The water is so clear there that we could see the little fishes that come close to the shore.  The water at the edge was like a bathtub.  There is so much coral that the boat had to maneuver around the reefs, but one time bumped it with his engine.  When the men went out snorkeling they said that there was a ‘clam farm’ out there by the reef.  Everyone says how beautiful the reefs are here. So while they did what we all wanted to do, we took naps, visited, had smoothies, went walking on the beach, collected shells and took lots of pictures of the paradise we found ourselves in.   
 
This is a salt water pool since they use what little water they have for drinking.  At low tide we collected shells by the bathtub water at the shore.  We so wanted to go in the water!

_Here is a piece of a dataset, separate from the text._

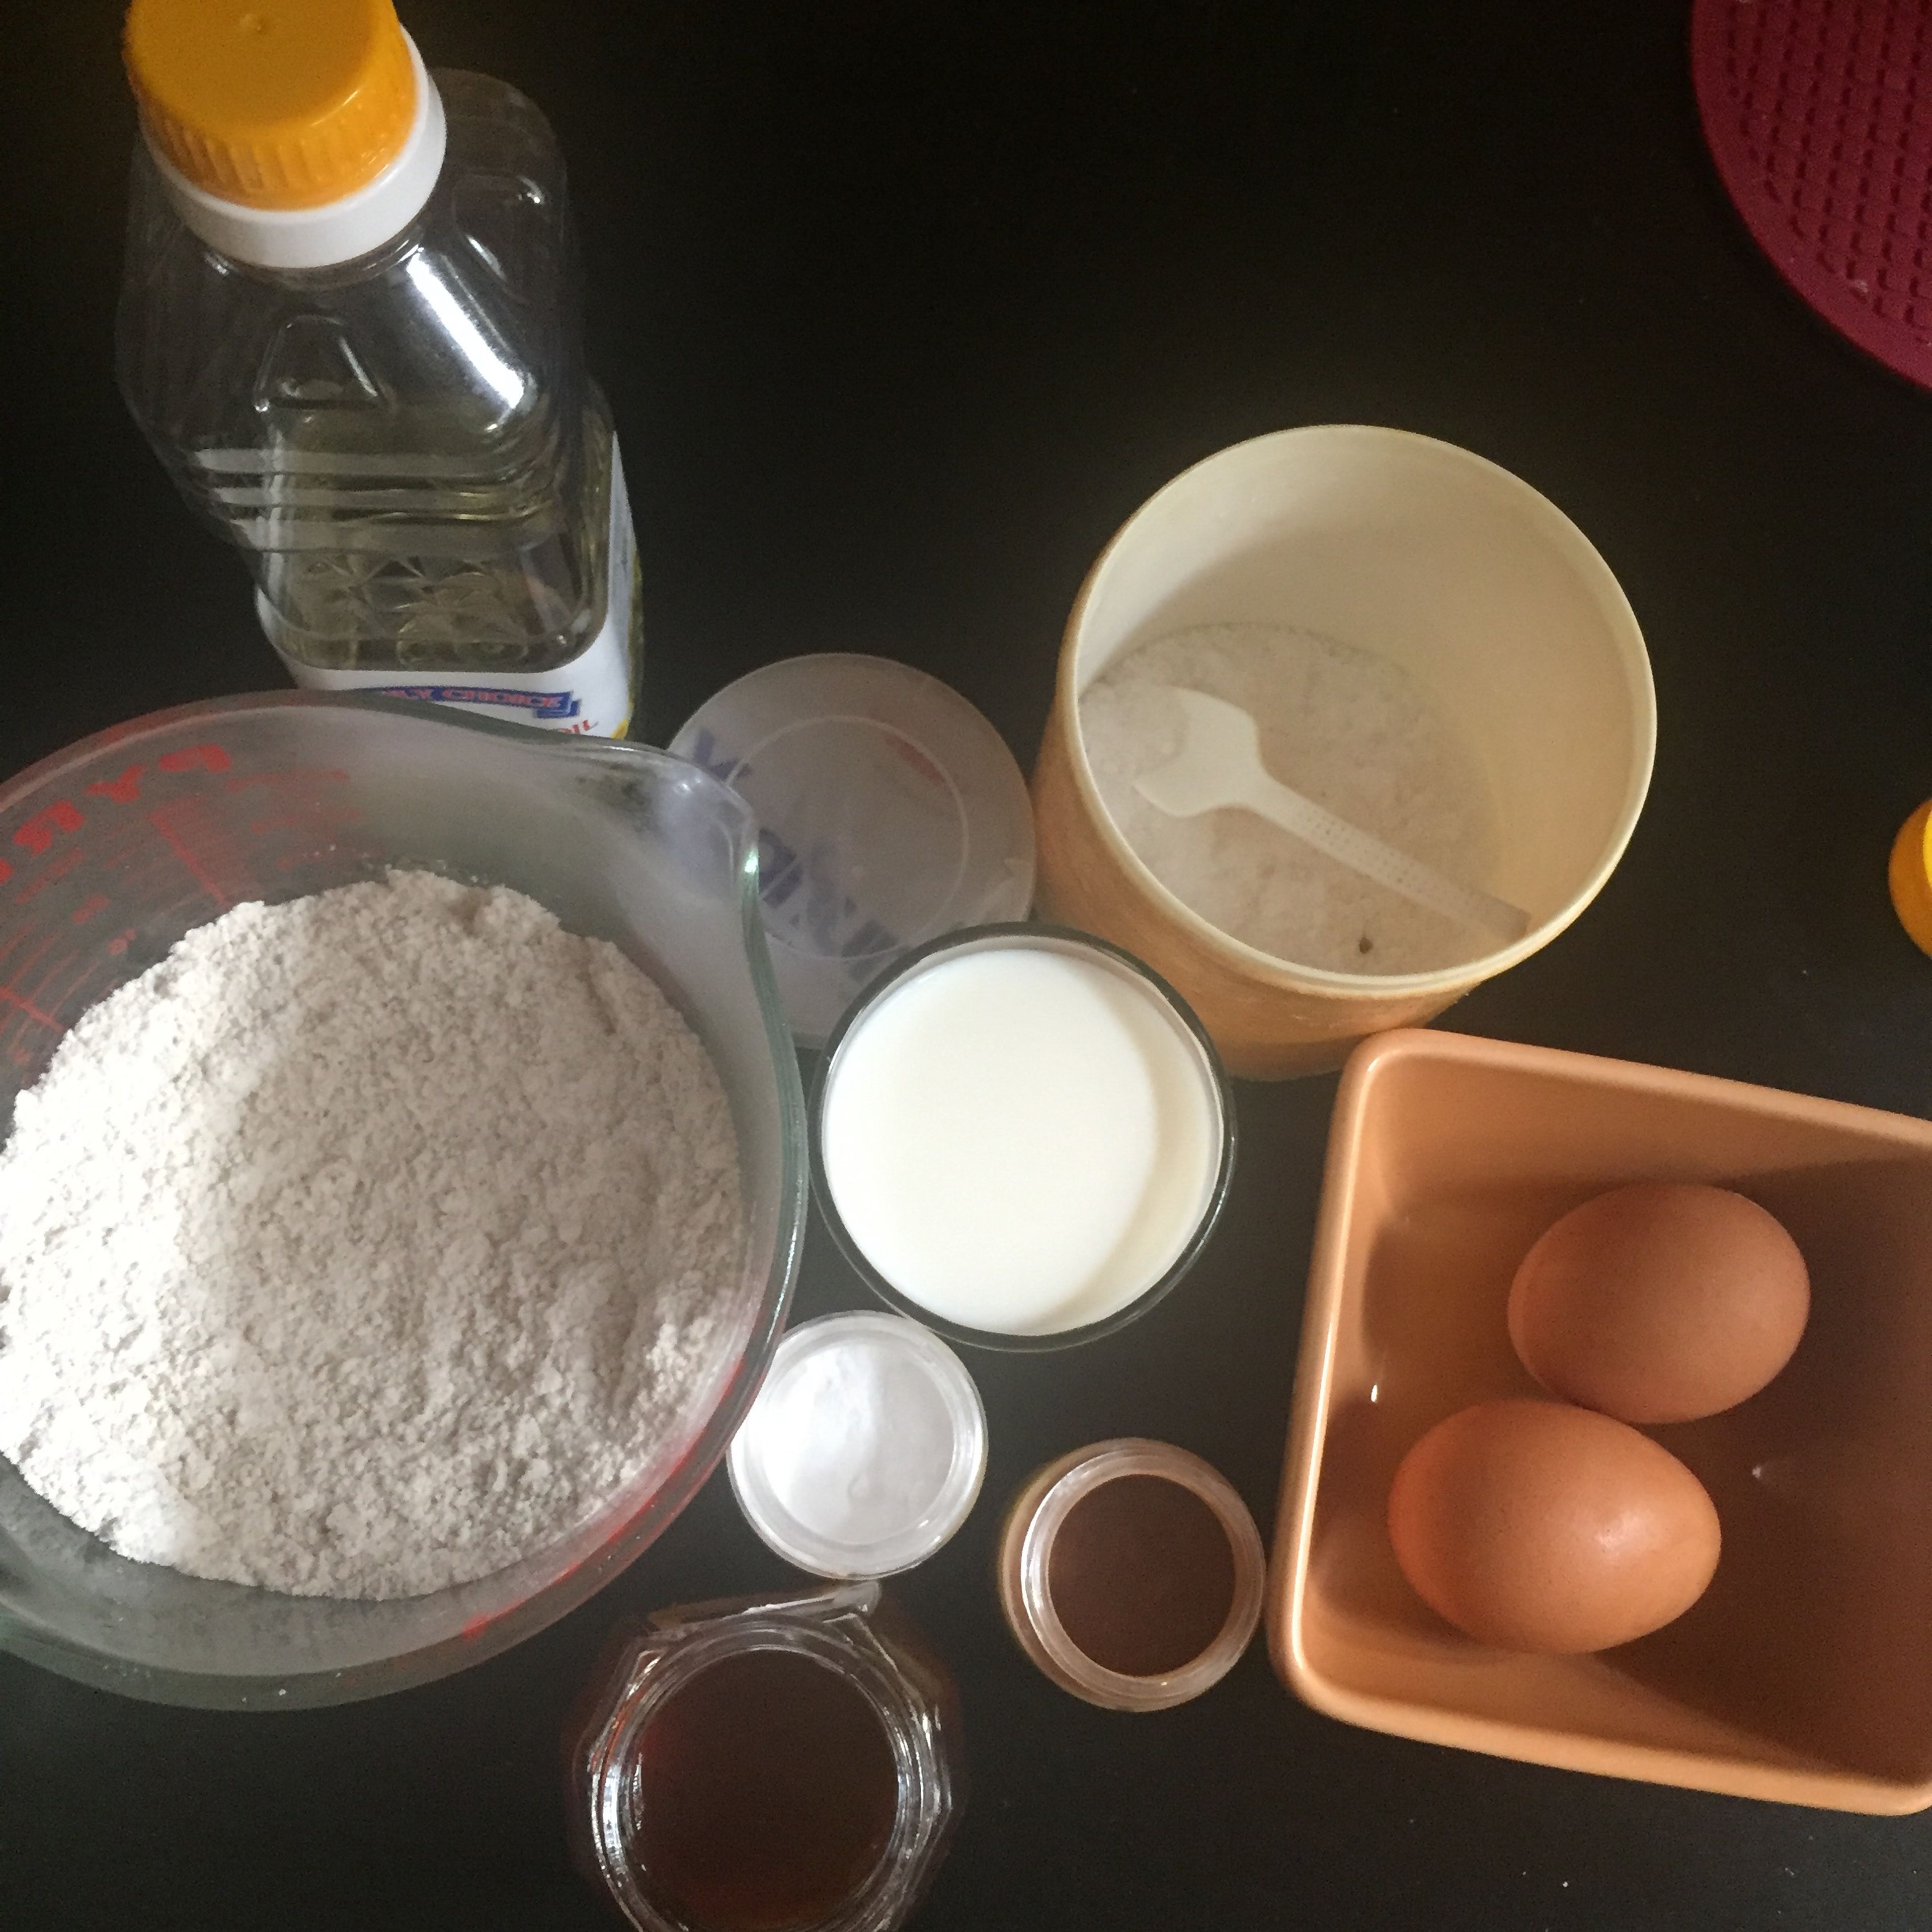 The ingredients gluten-free pancake

Japan has donated a lot of humanitarian aid here on the islands.  We see solar panels everywhere, but unfortunately they are the kind that only work when the sun shines and do not store power.  And even in the dry season the clouds, which might not produce a drop of rain, cloud the skies the solar panels don’t work.   Electricity here is so high that they would rather use diesel and generators to pump the wells.  Even in places where they do have power, they rarely use it because of the extreme expense.  They use diesel fuel to bring the power so the bill to customers is ridiculous, even by American standards.

After we returned to the main island we checked out one project request to replace an engine and pump and saw two old projects that were still working from 2006—not too bad.  We went out for pizza that tasted like what we’d get at home from an Italian man who started a new life in Tonga of all places—we always wonder how someone decides to live a different life somewhere completely different than what they used to consider home.  He’s a nice man and makes good pizza and he used to be in construction.  But he came here and married a local woman and had children and started anew.

The Stake President, Murdock’s and Ana Ika.



We went to bed exhausted once again, and also too late.  There is not enough time to get it all in.  We are leaving at 5:30 AM for the airport to go to another island.